Requirement: All lines below must be repeated exactly, with the pictures omitted.

Recorded data:
● ● ● ● ●
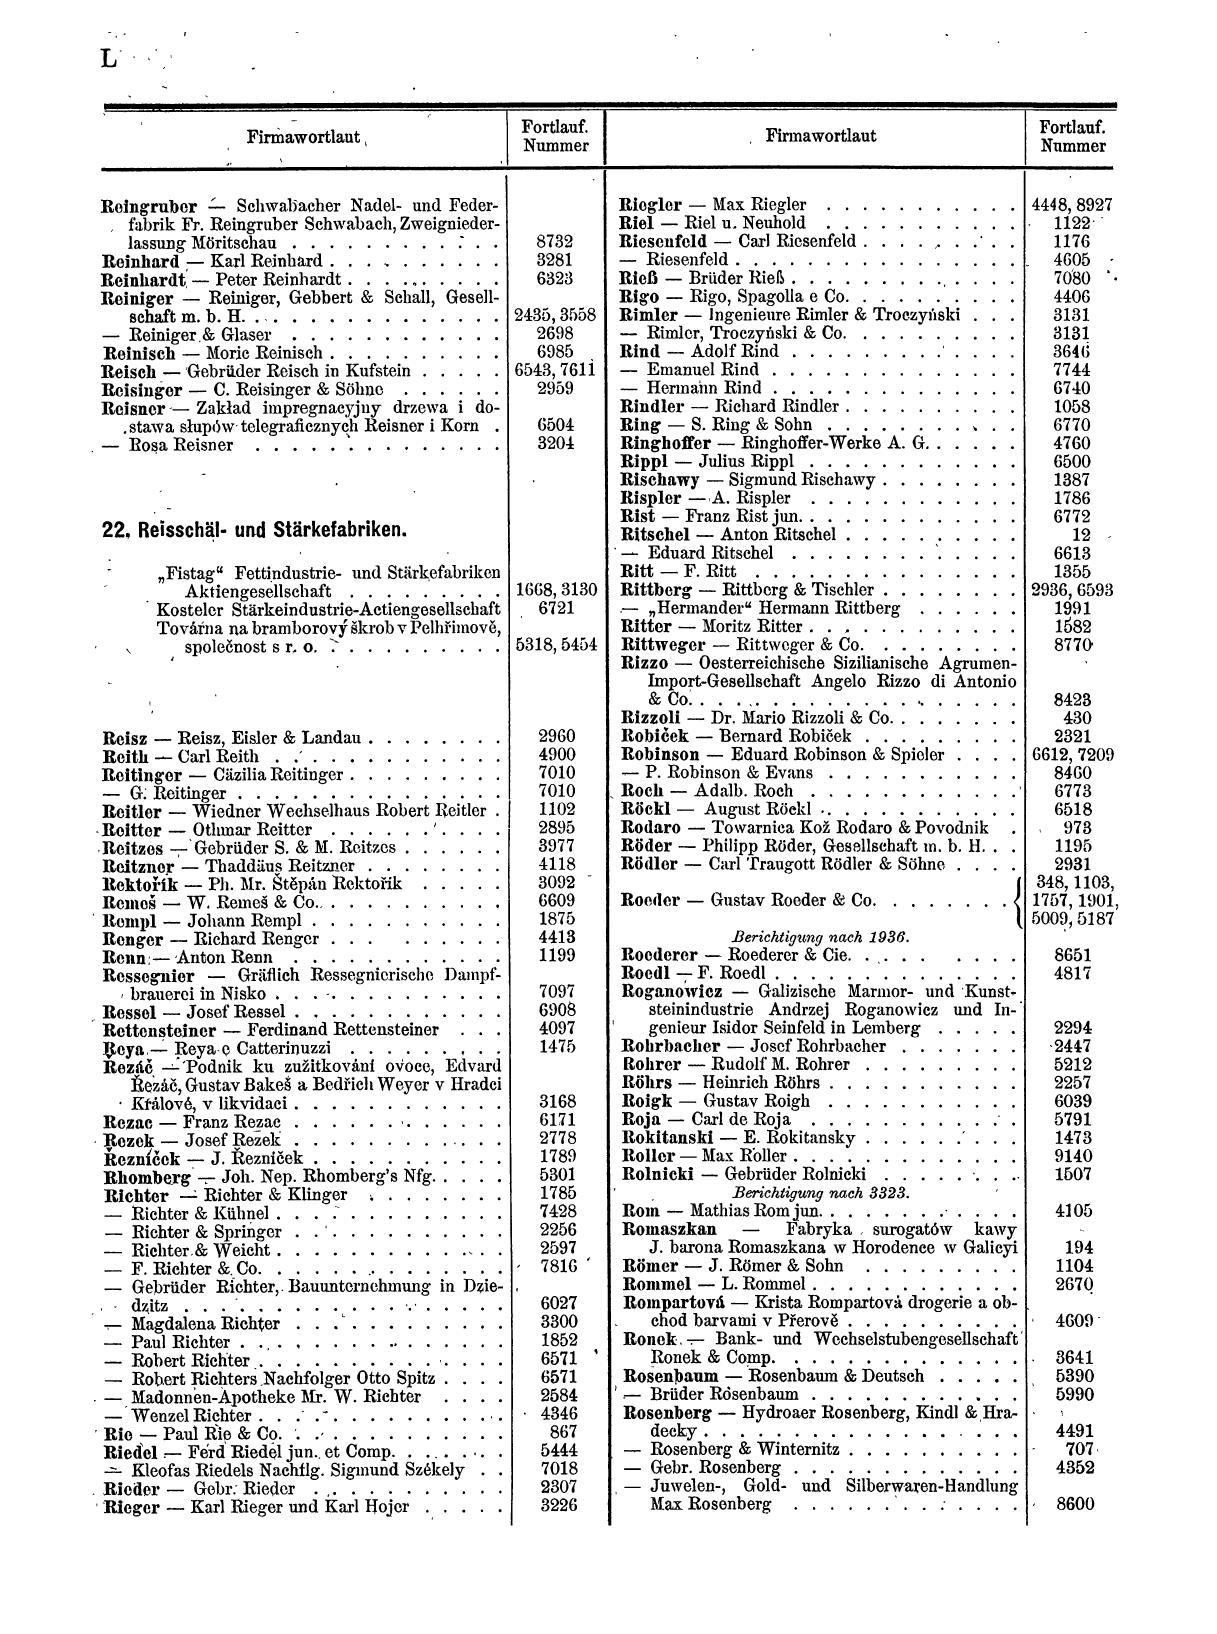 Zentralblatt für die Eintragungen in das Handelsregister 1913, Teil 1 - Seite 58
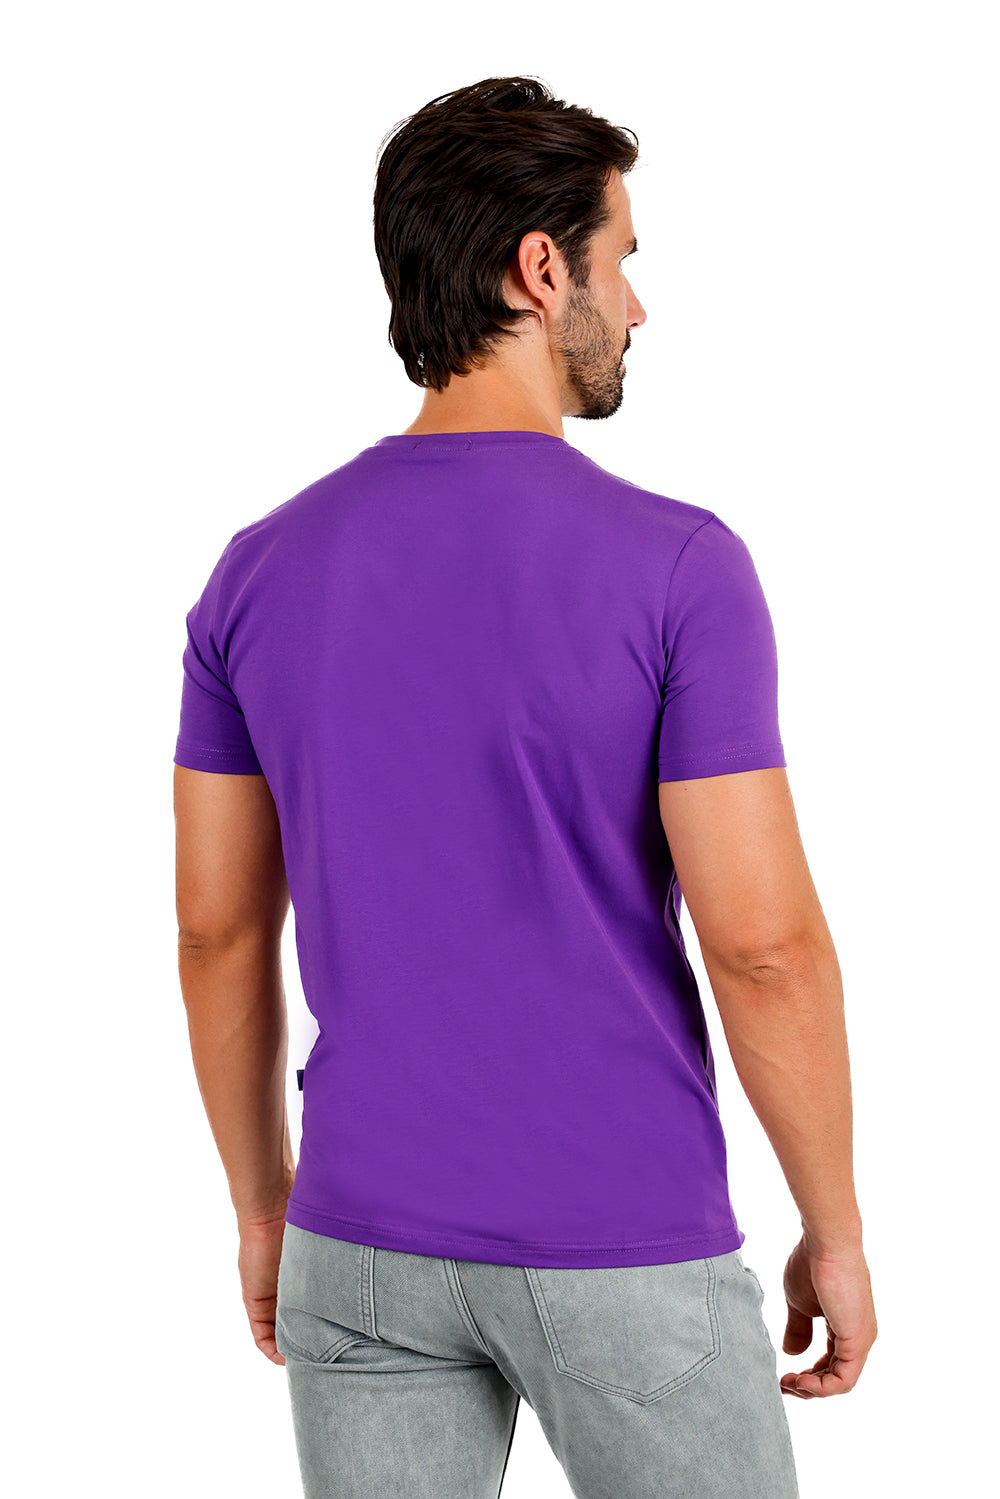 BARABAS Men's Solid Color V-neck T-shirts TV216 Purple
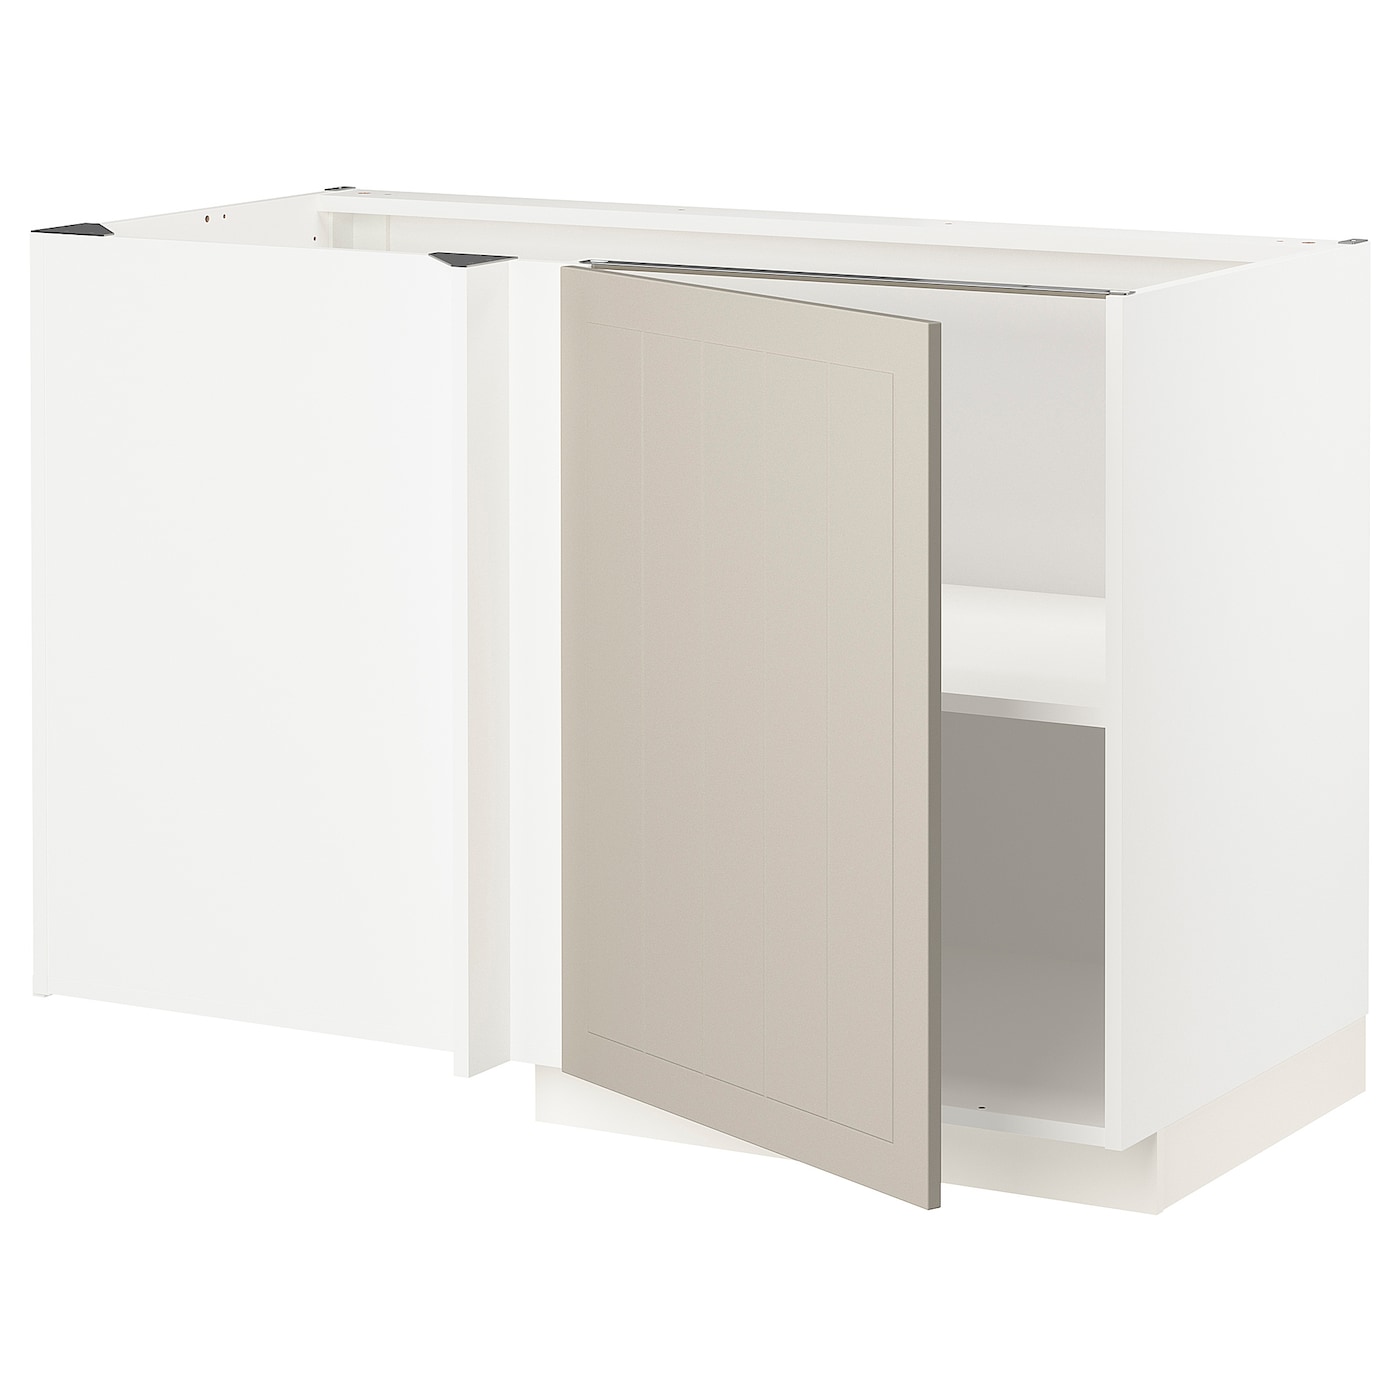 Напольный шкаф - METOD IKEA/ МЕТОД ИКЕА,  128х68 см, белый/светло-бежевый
● ● ● ● ●
Output:
 Zentralblatt für die Eintragungen in das Handelsregister 1913, Teil 1 - Seite 58
 BARABAS Men's Solid Color V-neck T-shirts TV216 Purple
 Напольный шкаф - METOD IKEA/ МЕТОД ИКЕА,  128х68 см, белый/светло-бежевый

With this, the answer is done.